Transformers.jl
Transformers.jl copied to clipboard
scibert models missing loading_method?
I can load all the bert models but none of the scibert ones:
julia> bert_model, wordpiece, tokenizer = pretrain"bert-uncased_L-12_H-768_A-12"
[ Info: loading pretrain bert model: uncased_L-12_H-768_A-12.tfbson
...
julia> bert_model, wordpiece, tokenizer = pretrain"scibert-scibert_scivocab_uncased"
ERROR: unknown pretrain type
Stacktrace:
[1] error(s::String)
@ Base ./error.jl:33
[2] loading_method(x::Val{:scibert})
@ Transformers.Pretrain ~/.julia/packages/Transformers/jtjKq/src/pretrain/Pretrain.jl:46
[3] load_pretrain(str::String; kw::Base.Pairs{Symbol, Union{}, Tuple{}, NamedTuple{(), Tuple{}}})
@ Transformers.Pretrain ~/.julia/packages/Transformers/jtjKq/src/pretrain/Pretrain.jl:58
[4] load_pretrain(str::String)
@ Transformers.Pretrain ~/.julia/packages/Transformers/jtjKq/src/pretrain/Pretrain.jl:57
[5] top-level scope
@ REPL[12]:1
Seems there is no loading_method
for :scibert.
Ok, just realized the scibert ones are seen as bert models and can thus be loaded with the bert loading_method so this works:
bert_model, wordpiece, tokenizer = pretrain"bert-scibert_scivocab_uncased"
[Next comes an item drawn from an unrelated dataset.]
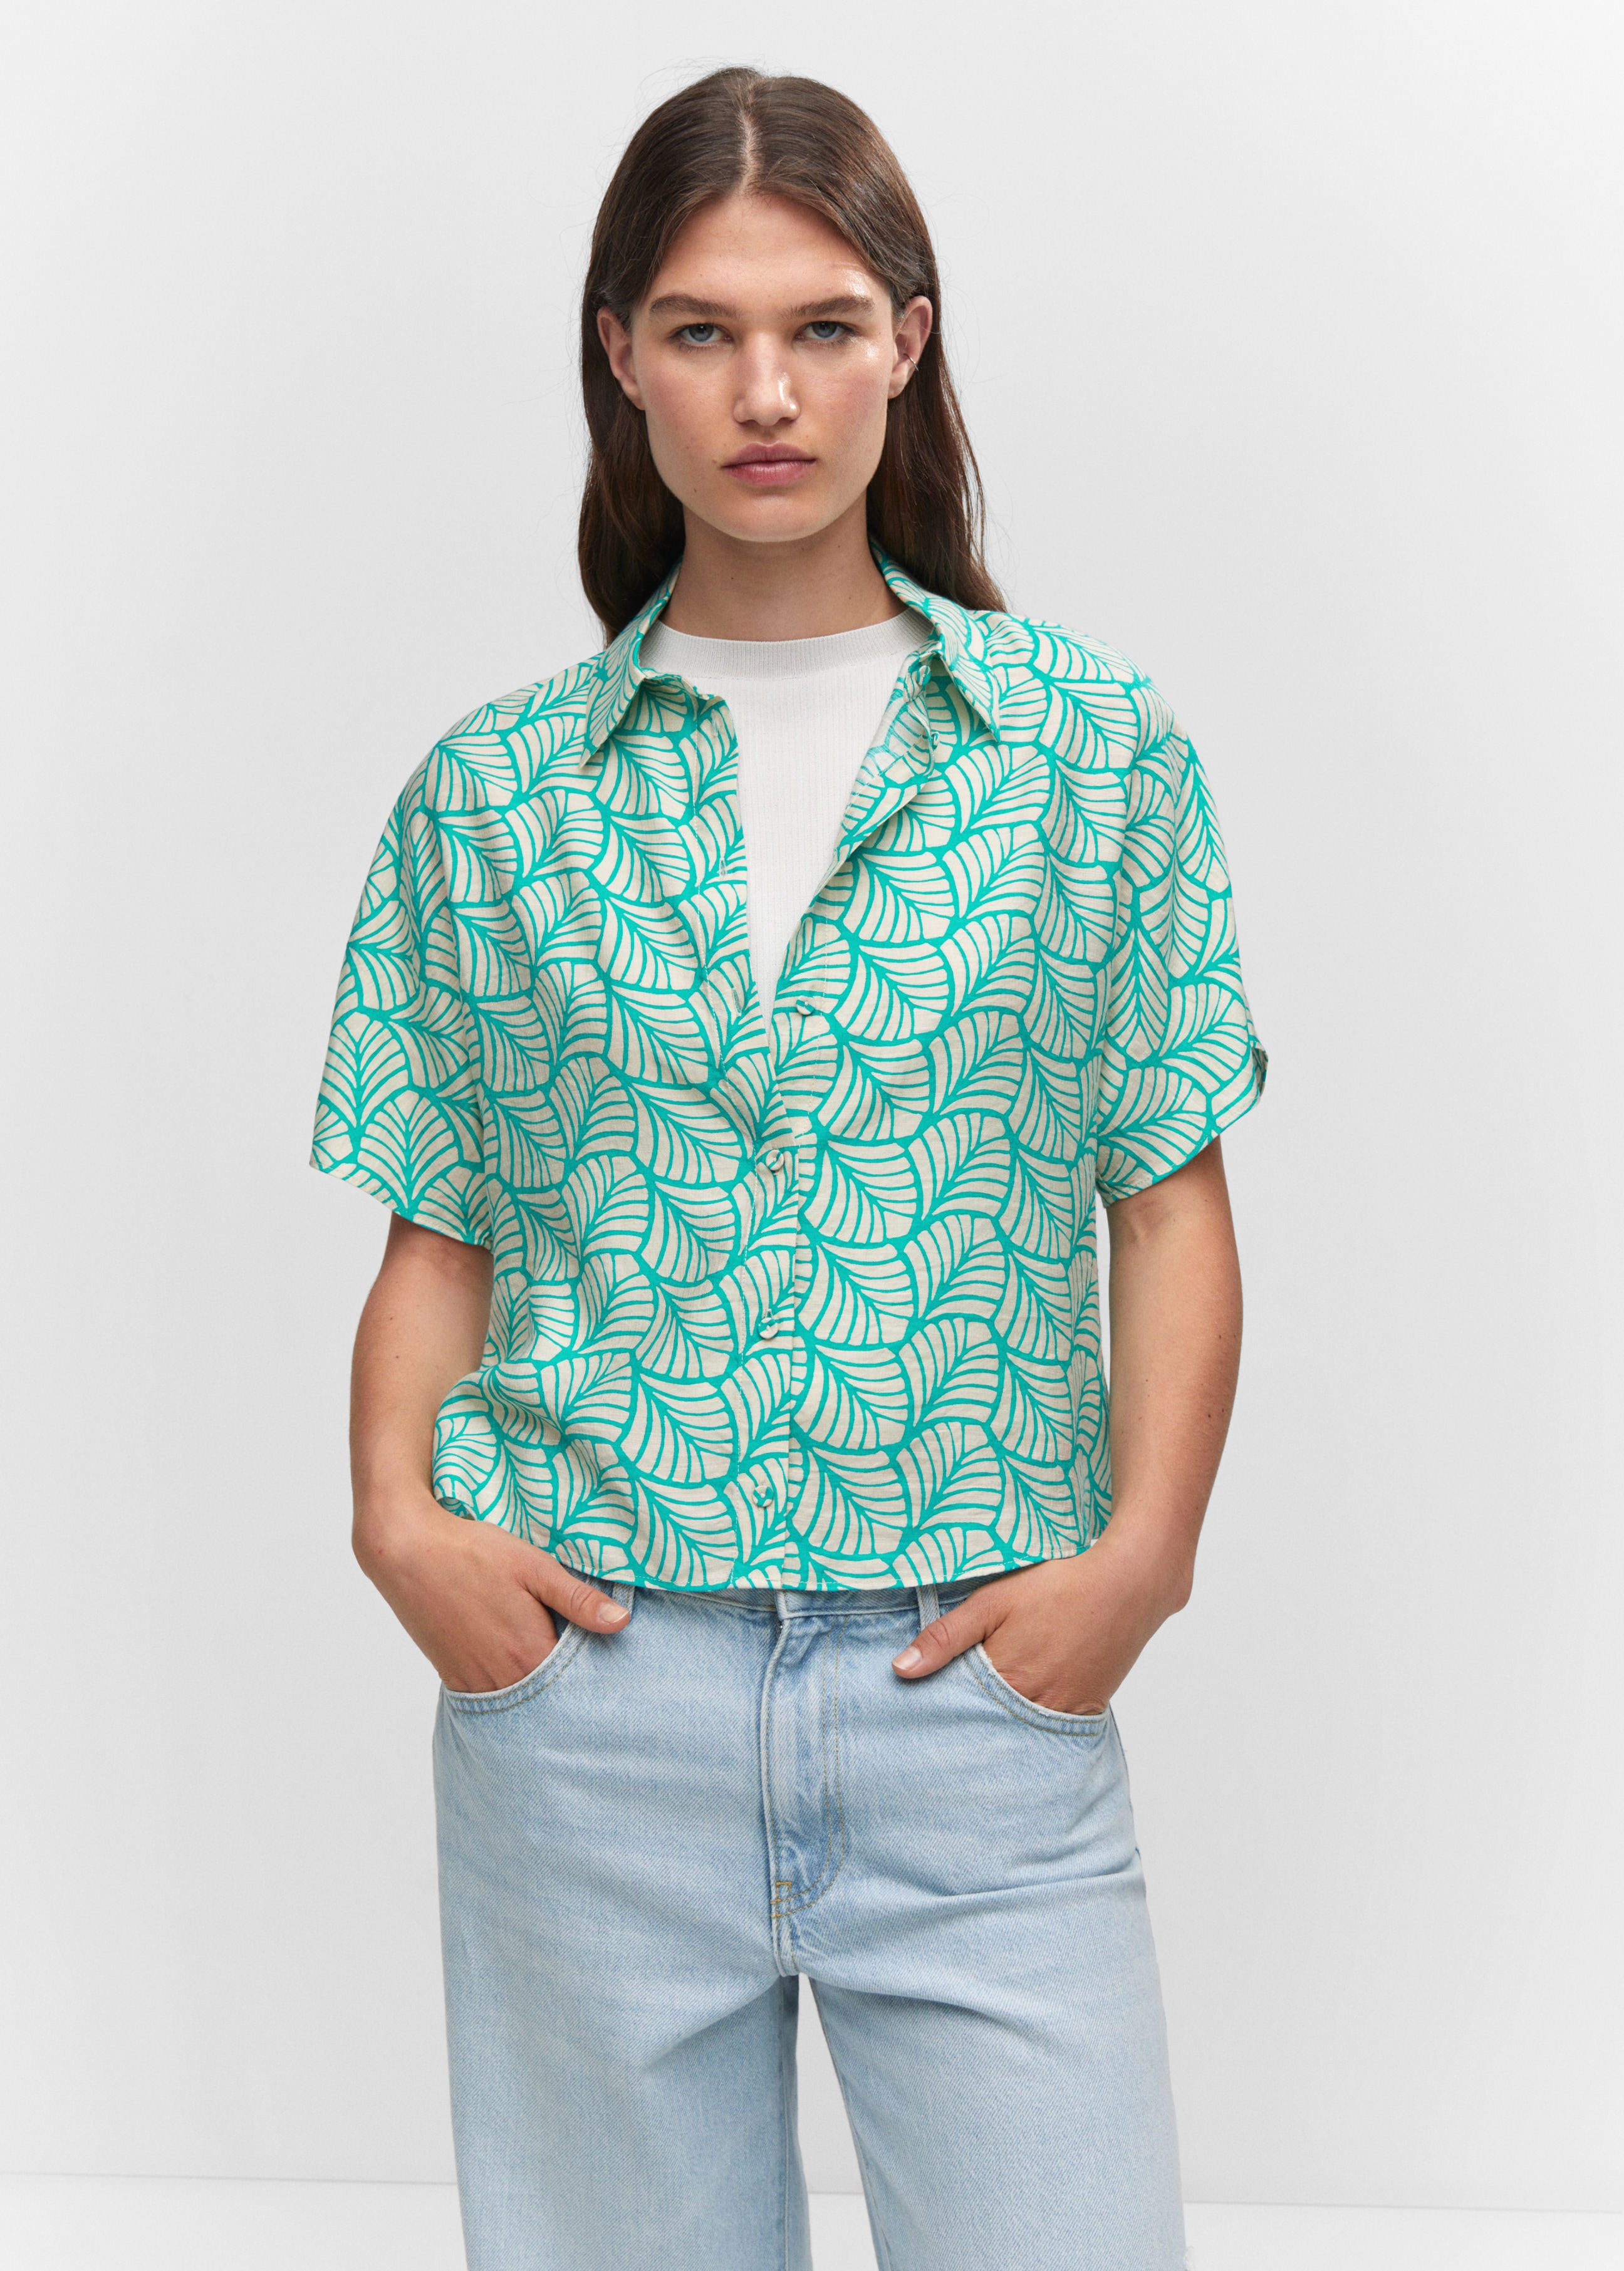 Buttoned printed shirt - Medium plane

What lead me astray was looking at the output from the pretrains
method which made me think that one should concat the 2nd and 3rd column to get the model name to send to pretrain
.
julia> pretrains()
Type model model name support items
–––– ––––––– –––––––––––––––––––––––––––– ––––––––––––––––––––––––––––––––
Gpt gpt OpenAIftlm gpt_model, bpe, vocab, tokenizer
Bert scibert scibert_scivocab_uncased bert_model, wordpiece, tokenizer
Bert scibert scibert_basevocab_cased bert_model, wordpiece, tokenizer
Bert scibert scibert_basevocab_uncased bert_model, wordpiece, tokenizer
Bert scibert scibert_scivocab_cased bert_model, wordpiece, tokenizer
Bert bert cased_L-12_H-768_A-12 bert_model, wordpiece, tokenizer
Bert bert wwm_cased_L-24_H-1024_A-16 bert_model, wordpiece, tokenizer
Bert bert uncased_L-12_H-768_A-12 bert_model, wordpiece, tokenizer
Bert bert multi_cased_L-12_H-768_A-12 bert_model, wordpiece, tokenizer
Bert bert wwm_uncased_L-24_H-1024_A-16 bert_model, wordpiece, tokenizer
Bert bert multilingual_L-12_H-768_A-12 bert_model, wordpiece, tokenizer
Bert bert chinese_L-12_H-768_A-12 bert_model, wordpiece, tokenizer
Bert bert cased_L-24_H-1024_A-16 bert_model, wordpiece, tokenizer
Bert bert uncased_L-24_H-1024_A-16 bert_model, wordpiece, tokenizer
Possibly this could be clarified in the output and/or documentation. Sorry if I just missed it.
It is written on the docstring for @pretrain_str
, but I agree that might be a little misleading.